Input data -
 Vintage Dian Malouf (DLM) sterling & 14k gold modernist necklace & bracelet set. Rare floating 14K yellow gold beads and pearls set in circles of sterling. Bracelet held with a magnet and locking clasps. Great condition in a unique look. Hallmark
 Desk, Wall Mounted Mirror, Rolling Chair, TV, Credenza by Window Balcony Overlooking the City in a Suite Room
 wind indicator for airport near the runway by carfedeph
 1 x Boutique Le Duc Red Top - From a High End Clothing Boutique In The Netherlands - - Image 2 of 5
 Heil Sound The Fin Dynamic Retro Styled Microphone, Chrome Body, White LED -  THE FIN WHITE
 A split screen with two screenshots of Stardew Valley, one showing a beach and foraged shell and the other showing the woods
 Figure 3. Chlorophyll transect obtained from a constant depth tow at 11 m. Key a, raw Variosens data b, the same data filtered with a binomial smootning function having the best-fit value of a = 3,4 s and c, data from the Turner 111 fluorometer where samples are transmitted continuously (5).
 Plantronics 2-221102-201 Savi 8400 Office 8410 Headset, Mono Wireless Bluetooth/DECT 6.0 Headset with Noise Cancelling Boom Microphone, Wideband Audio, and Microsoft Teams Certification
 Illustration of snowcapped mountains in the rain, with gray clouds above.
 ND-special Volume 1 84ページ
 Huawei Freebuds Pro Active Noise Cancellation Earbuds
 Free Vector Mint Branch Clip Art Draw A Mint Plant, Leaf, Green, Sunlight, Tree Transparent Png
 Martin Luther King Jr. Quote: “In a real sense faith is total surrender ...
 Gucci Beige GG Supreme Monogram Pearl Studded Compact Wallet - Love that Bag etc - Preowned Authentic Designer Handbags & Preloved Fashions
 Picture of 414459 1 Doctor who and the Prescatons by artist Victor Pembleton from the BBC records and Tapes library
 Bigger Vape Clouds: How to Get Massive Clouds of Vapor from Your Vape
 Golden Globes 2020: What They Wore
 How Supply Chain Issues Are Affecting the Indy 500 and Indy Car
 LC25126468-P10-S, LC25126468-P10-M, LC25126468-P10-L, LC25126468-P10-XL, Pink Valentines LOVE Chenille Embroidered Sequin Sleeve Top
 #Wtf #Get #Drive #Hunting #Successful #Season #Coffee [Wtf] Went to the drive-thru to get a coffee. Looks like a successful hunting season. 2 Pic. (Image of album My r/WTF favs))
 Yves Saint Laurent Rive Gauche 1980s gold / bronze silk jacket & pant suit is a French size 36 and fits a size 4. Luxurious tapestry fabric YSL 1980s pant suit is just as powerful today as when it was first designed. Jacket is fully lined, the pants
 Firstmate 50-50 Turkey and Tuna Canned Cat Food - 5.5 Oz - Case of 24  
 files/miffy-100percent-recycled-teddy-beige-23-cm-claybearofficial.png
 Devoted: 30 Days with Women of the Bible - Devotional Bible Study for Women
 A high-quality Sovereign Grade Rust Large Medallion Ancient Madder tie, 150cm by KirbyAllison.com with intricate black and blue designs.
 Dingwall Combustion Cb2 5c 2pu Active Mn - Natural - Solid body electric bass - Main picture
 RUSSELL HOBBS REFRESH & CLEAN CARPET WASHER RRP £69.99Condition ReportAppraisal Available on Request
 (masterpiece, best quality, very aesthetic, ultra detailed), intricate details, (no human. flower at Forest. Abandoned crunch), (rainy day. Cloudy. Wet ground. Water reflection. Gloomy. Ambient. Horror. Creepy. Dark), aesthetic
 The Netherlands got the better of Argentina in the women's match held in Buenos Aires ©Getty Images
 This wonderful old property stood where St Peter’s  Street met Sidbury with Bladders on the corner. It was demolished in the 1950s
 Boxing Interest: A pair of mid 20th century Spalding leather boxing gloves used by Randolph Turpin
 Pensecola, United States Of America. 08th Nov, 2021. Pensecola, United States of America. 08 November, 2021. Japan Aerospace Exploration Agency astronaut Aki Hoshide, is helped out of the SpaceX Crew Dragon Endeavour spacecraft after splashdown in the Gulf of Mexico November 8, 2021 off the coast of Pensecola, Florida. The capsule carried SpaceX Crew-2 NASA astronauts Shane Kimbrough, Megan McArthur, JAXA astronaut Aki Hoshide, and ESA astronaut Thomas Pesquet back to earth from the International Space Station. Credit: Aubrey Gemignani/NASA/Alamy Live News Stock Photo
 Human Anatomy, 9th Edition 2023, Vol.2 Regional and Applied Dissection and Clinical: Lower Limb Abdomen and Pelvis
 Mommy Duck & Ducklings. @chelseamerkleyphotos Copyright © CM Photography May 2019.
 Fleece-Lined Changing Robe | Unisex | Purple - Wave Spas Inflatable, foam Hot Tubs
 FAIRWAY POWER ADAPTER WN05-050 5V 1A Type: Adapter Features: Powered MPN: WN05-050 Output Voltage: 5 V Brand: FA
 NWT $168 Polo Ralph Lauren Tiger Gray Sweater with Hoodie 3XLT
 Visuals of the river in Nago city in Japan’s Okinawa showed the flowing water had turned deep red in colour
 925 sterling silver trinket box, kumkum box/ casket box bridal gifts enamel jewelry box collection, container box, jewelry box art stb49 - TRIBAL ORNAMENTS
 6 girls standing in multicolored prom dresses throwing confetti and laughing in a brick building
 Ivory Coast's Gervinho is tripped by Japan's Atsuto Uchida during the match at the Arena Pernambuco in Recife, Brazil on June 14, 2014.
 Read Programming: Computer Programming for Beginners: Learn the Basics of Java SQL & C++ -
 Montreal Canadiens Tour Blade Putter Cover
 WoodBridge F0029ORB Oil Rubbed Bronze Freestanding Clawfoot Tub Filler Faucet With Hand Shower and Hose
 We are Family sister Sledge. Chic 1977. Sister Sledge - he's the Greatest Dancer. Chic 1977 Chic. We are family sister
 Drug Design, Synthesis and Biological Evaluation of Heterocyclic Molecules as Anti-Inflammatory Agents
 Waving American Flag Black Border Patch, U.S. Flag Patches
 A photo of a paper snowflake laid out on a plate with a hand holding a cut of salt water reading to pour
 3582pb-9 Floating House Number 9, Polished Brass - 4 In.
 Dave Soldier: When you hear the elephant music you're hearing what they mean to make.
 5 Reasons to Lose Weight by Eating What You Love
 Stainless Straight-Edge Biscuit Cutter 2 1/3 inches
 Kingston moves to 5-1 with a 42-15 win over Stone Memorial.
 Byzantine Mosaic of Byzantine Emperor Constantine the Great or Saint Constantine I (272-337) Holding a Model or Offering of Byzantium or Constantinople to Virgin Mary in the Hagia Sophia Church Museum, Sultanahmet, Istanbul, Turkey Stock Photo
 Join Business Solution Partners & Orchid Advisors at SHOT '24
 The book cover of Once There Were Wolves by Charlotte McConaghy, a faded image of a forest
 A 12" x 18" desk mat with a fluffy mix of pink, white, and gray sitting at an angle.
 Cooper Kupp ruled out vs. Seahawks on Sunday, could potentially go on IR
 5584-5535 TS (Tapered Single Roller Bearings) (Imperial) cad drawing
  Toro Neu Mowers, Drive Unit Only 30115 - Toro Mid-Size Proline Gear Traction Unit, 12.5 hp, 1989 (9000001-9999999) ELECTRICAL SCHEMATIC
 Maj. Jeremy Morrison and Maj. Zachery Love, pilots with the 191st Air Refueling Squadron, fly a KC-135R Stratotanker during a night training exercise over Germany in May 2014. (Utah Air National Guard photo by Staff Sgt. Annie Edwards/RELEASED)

Your task -
Give the number of lines in the listing above where the word "during" appears, and nothing else.

Reply -
2